The fact that “Native American” can turn up as a partial match for a person born in Central Asia points to several limitations in existing commercial tests. It illustrates the mutability of ethnic labels: neither “Native American” nor “Kazakh” existed 20,000 years ago; these are modern terms. It illustrates the sampling bias in the ethnic categories that are included: because “Kazakh” is not a reportable label in 23andMe (nor are most other Central Asian ethnicities), then all the algorithm can do is give the next-best matches, which may include not only Native American, but also East Asian and European subgroups.
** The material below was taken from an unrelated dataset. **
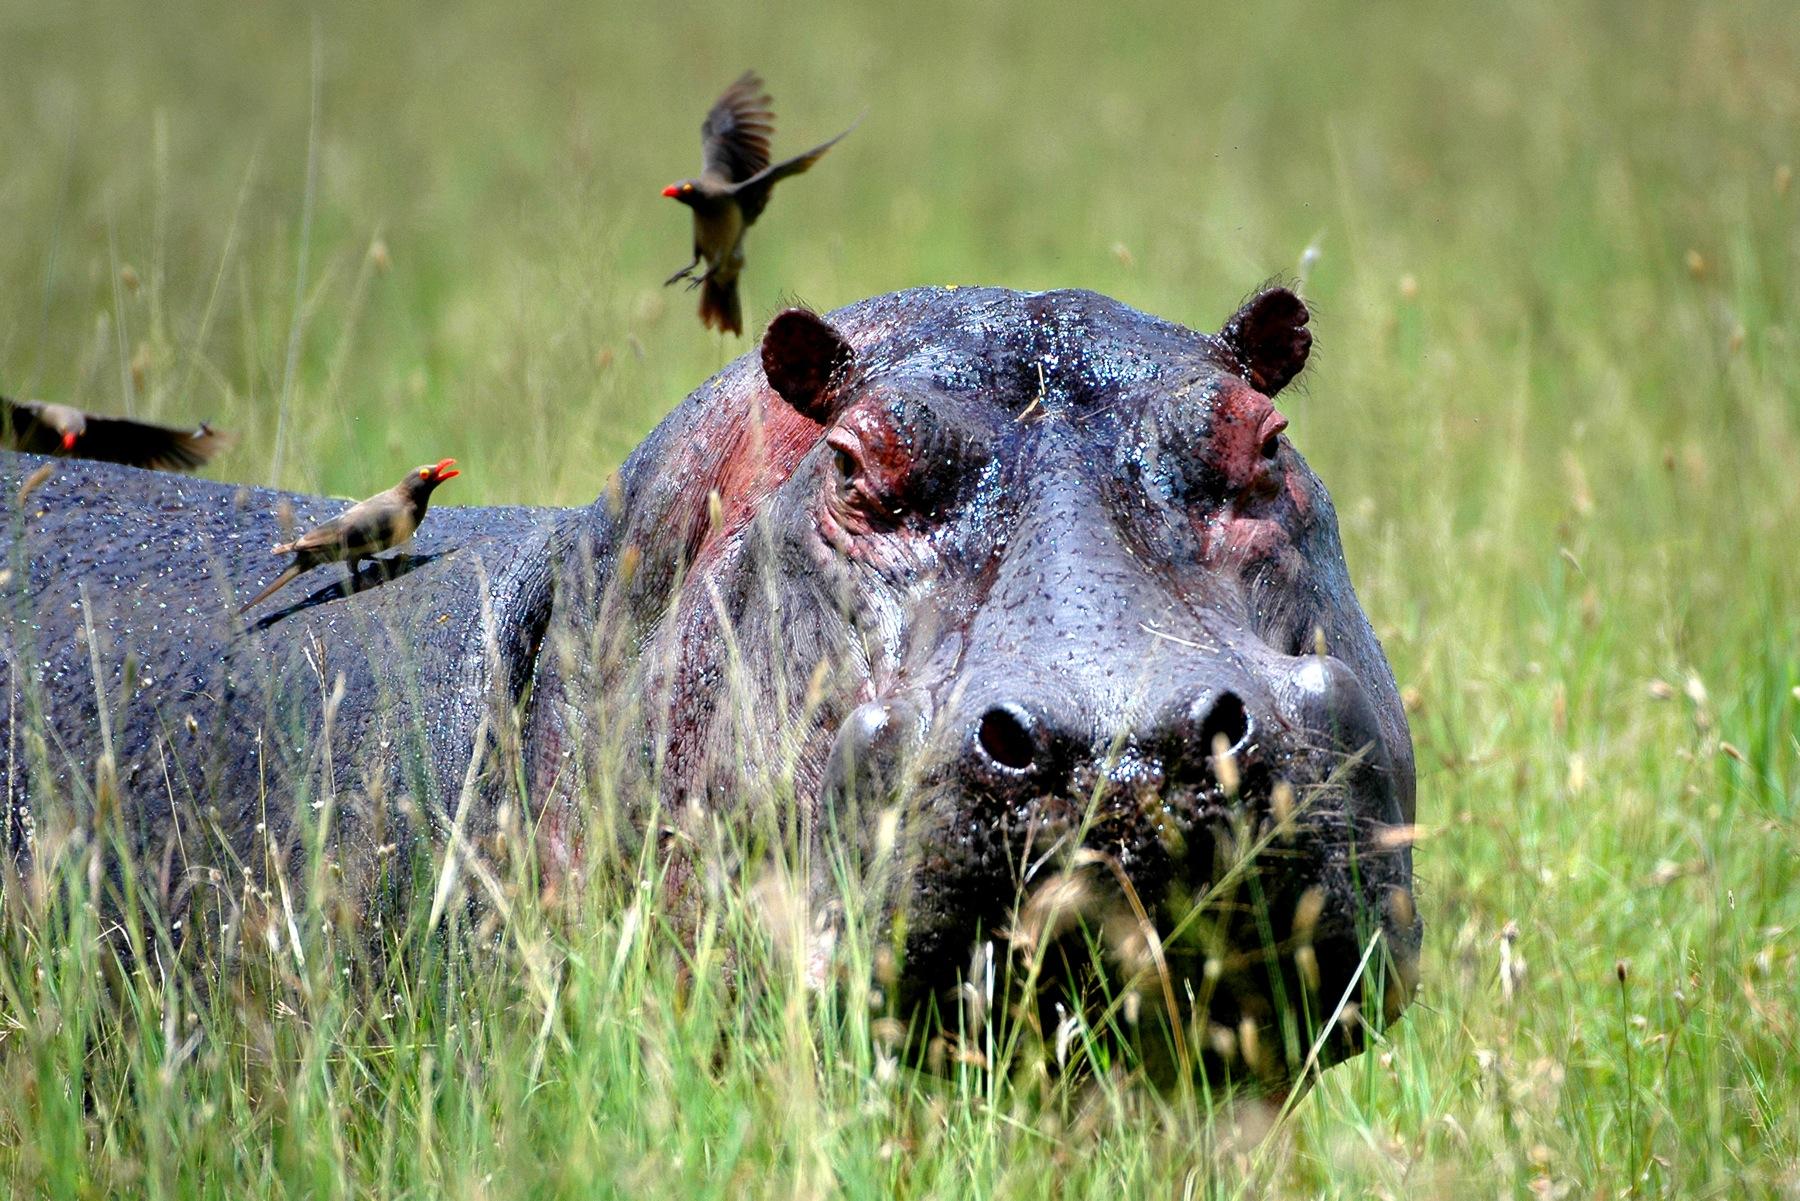 selous safari short from Dar es Salaam
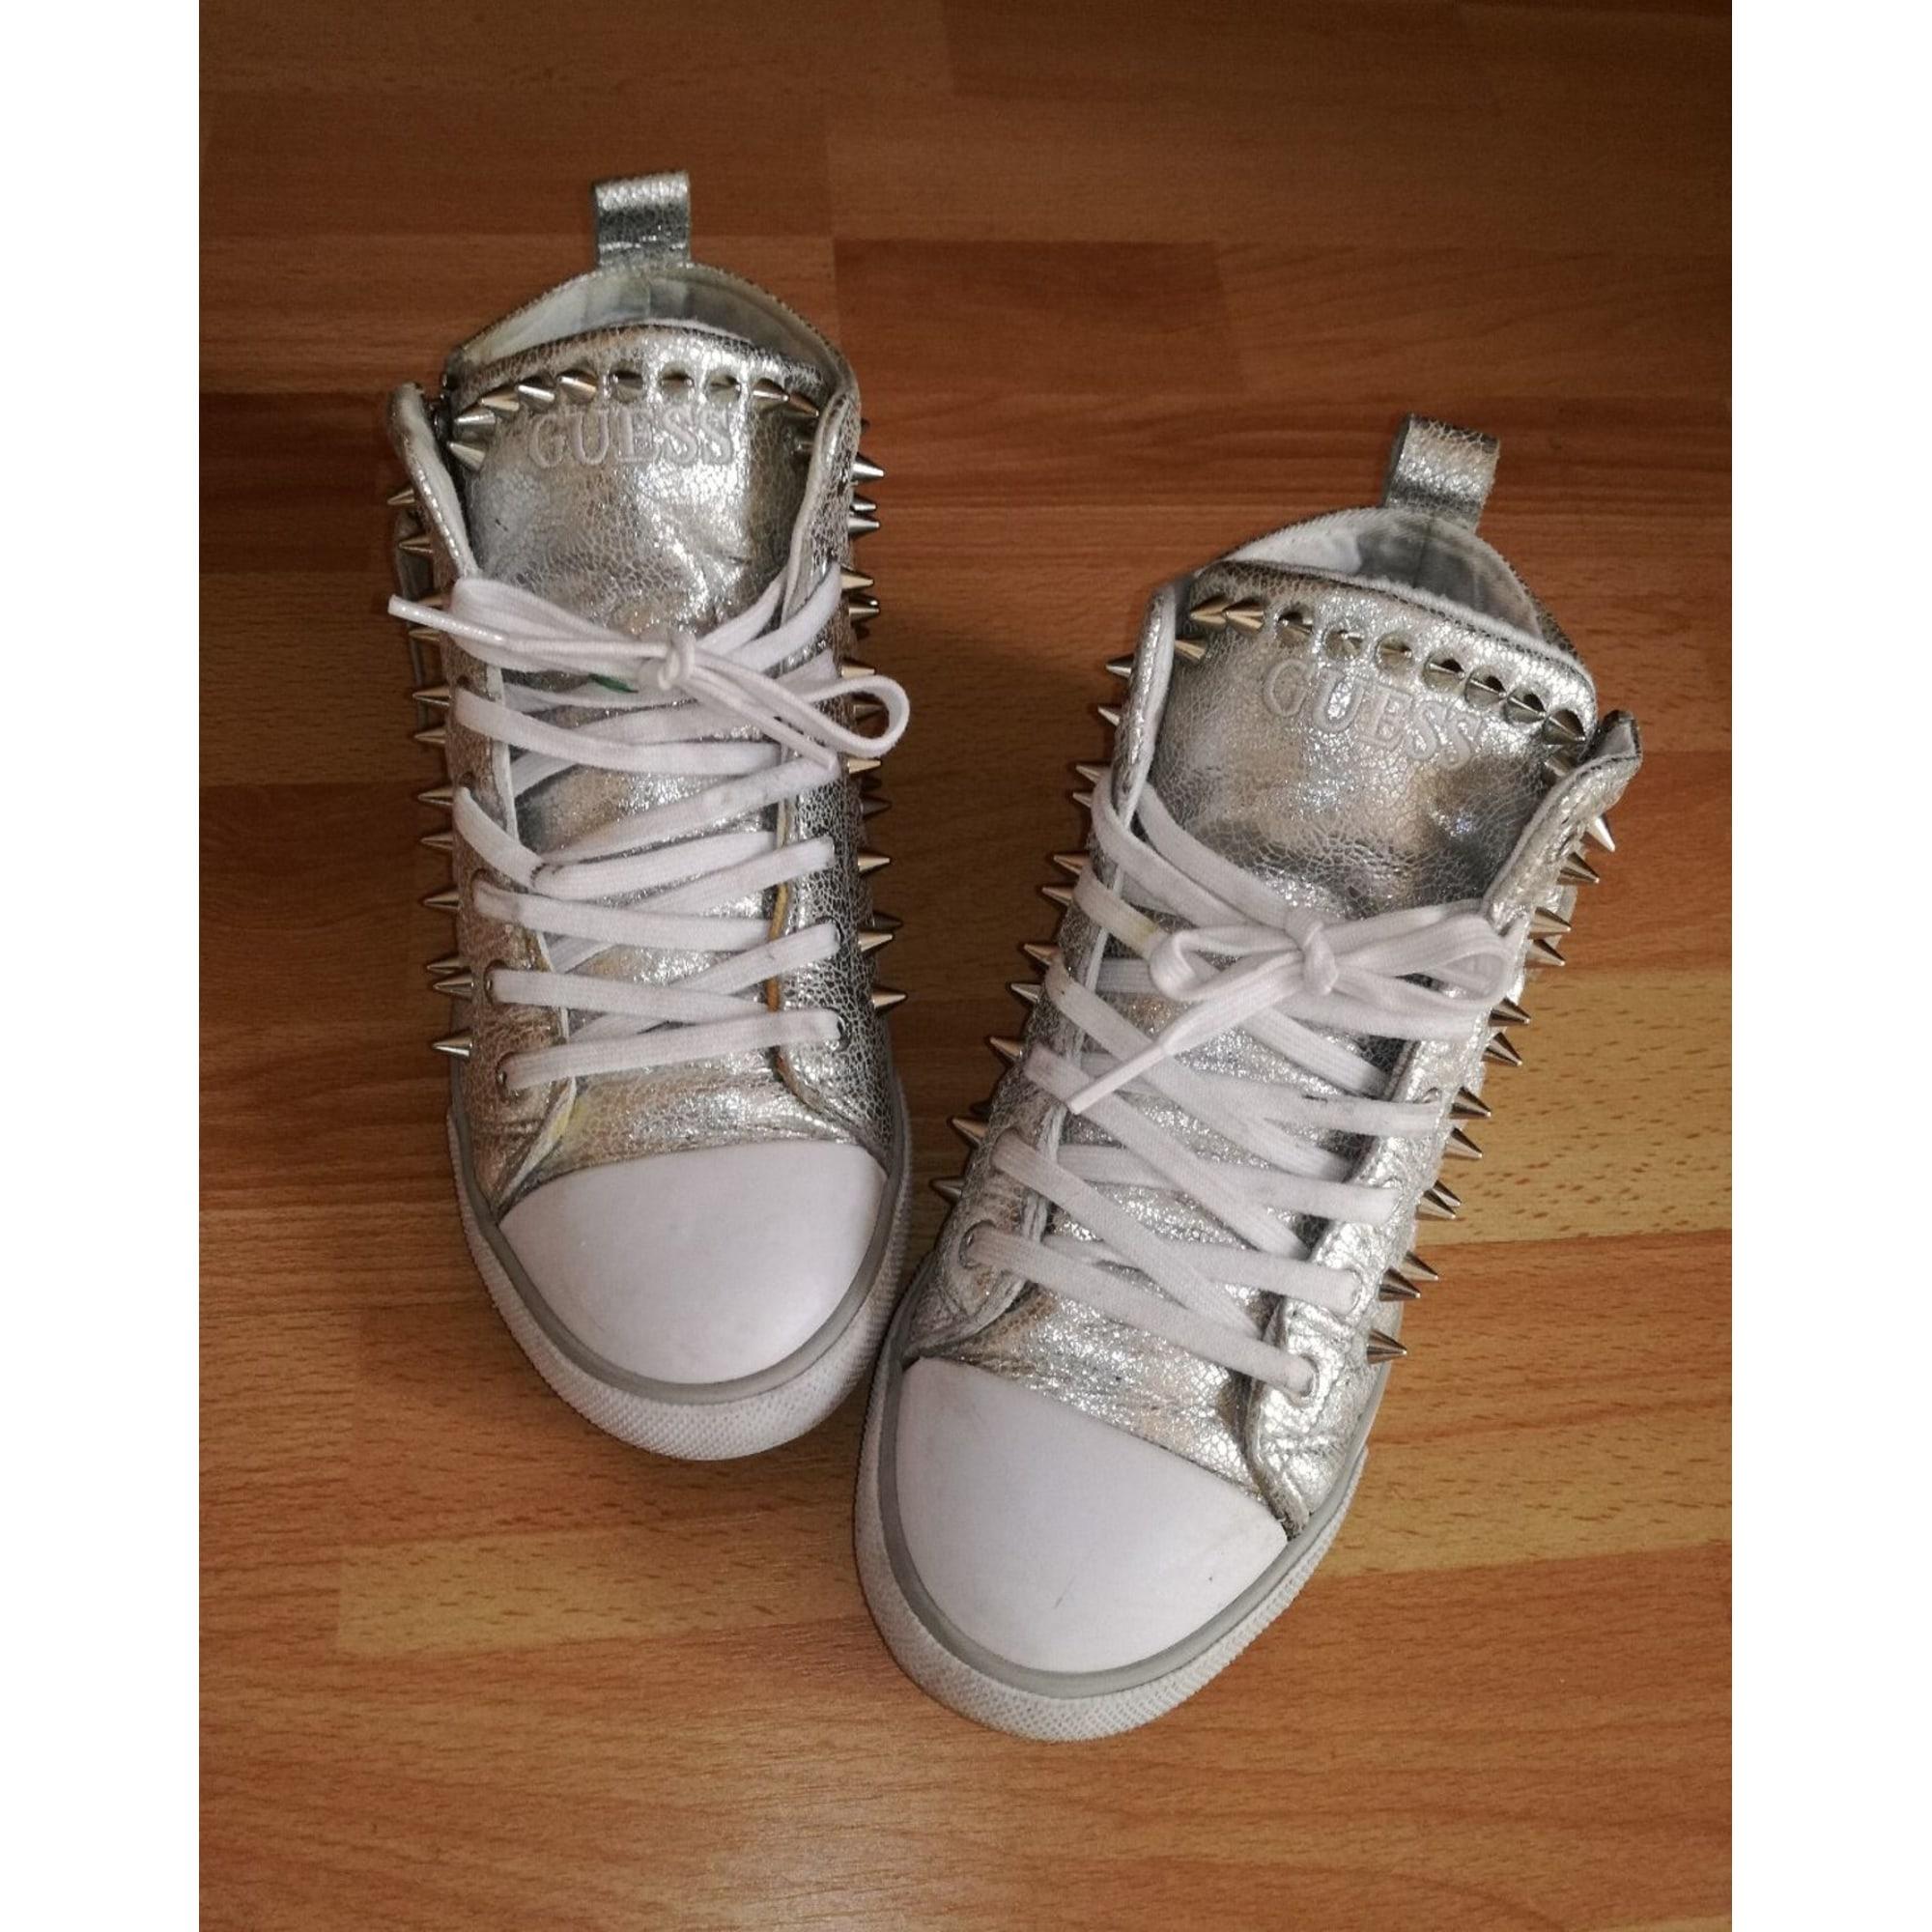 Chaussures de sport GUESS Argenté, acier

Finally, the partial DNA “match” between an ethnic Kazakh and a Native American points to the vast difference in the timescale of “ancestry” that is embedded in genes (on the order of tens of thousands of years) versus the timescale of “ancestry” that people usually have in mind when they consider family history (perhaps a couple hundred years at most).

Finally, it’s important to realize that while DNA does contain a record of the past, it is a fragmented and incomplete record. Some commercial tests rely upon mitochondrial DNA, which are passed down only through the matriline (the ancestral line involving the mother’s mother’s mother’s mother, etc.). This is one tiny branch on a huge family tree. Likewise, for males, some tests rely upon the Y chromosome, which is only passed along the patriline (father’s father’s father etc.). To use an analogy, imagine the numerous rivers and creeks that flow into an ocean. We would not claim that one tiny creek among all of those tributaries is “the” source of the ocean. Some commercial tests recognize this and rely not upon mitochondrial or Y-chromosome DNA, but rather upon full autosomal DNA (including all 22 chromosomes beyond the X/Y sex chromosomes). Unlike mitochondrial or Y-chromosome DNA, autosomal DNA is potentially influenced by all the ancestral lines leading to the present-day person. Yet even the entire genome of a present-day person only includes the ancestral gene segments that survived the mutation and recombination process that happened in each new generation. Consider that your DNA length is finite, but the more generations you go back, the more ancestors you have. Many DNA segments from these ancestors must have been simply lost to history. These lost genes are part of your ancestral past too, but they are not evident in your genome. Thus, your genome reflects only a portion of what came before.

It’s understandable that people are fascinated with the past. It is especially understandable that people with questions about their past, such as adoptees and their families, seek any source of information that may be illuminating. And direct-to-consumer DNA tests may have some beneficial or informative effects. For example, a person who believed herself to have fully African heritage may re-examine that belief (and revisit family history) if a DNA test indicates a partial match with European ancestry. Aside from implications about an individual’s heritage, the tests may prompt fruitful conversations about the meaning of ancestry and the role of the genetic past in contributing to a sense of identity in the present. The tests could stimulate a renewed interest in the history of human populations and migration. Most optimistically, the tests could reaffirm a sense in which we are all, in the end, human. But the danger is that such tests reinforce a false biological conception of race and ethnicity and mislead us into thinking that the answers to personal identity can be found at the molecular level.